Before we execute the relevant daemons, we need to edit two configuration files:
-
$HADOOP_HOME/etc/hadoop/core-site.xml
: whereNameNode
runs in the cluster -
$HADOOP_HOME/etc/hadoop/hdfs-site.xml
: HDFS daemon configuration:NameNode
,SecondaryNameNode
,DataNode
s
(source)
Now open core-site.xml
in your favorite text editor:
$ sudo vim "$HADOOP_HOME/etc/hadoop/core-site.xml"
Find the <configuration></configuration>
tags and replace them with the following:
<configuration>
<property>
<name>fs.defaultFS</name>
<value>hdfs://localhost:9000</value>
</property>
</configuration>
Here, fs.defaultFS
specifies the name of the default file system to be used (source).
Next, open hdfs-site.xml
in your favorite text editor:
$ sudo vim "$HADOOP_HOME/etc/hadoop/hdfs-site.xml"

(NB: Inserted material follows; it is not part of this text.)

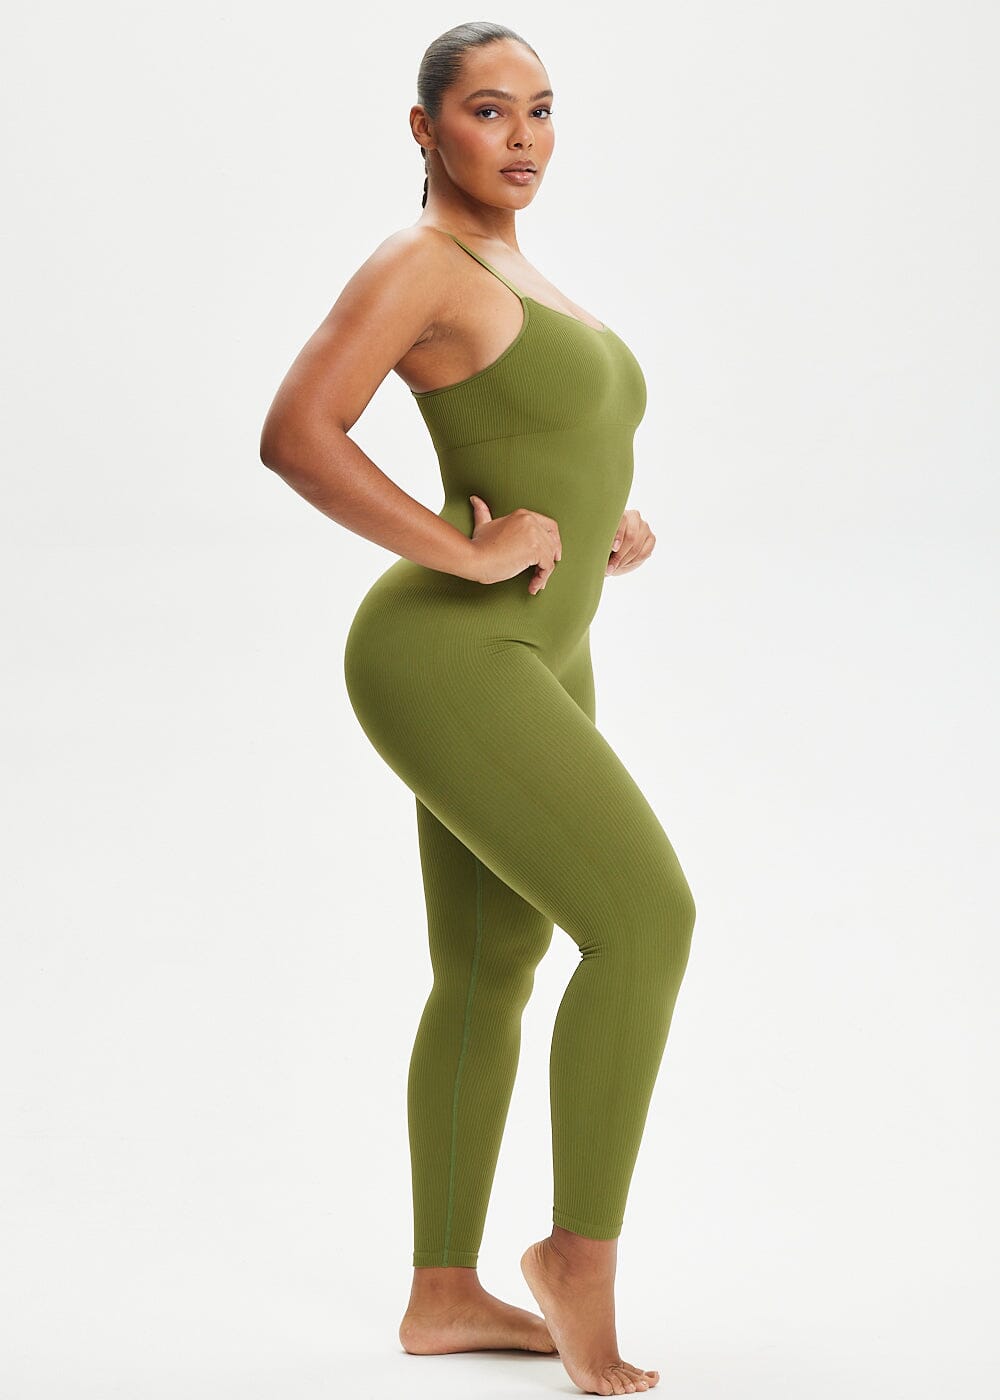 Snatching Seamless Jumpsuit - She's Waisted

Find the <configuration></configuration>
tags again, and replace them with the following:
<configuration>
<property>
<name>dfs.replication</name>
<value>1</value>
</property>
</configuration>
Here, dfs.replication
specifies the number of replicas to create per block (source). Usually in production, 3 is a good number (and also the default if not specified), but since we're running the entire cluster in a single node, negating any advantages of block replication, we might as well set it to 1 to save space.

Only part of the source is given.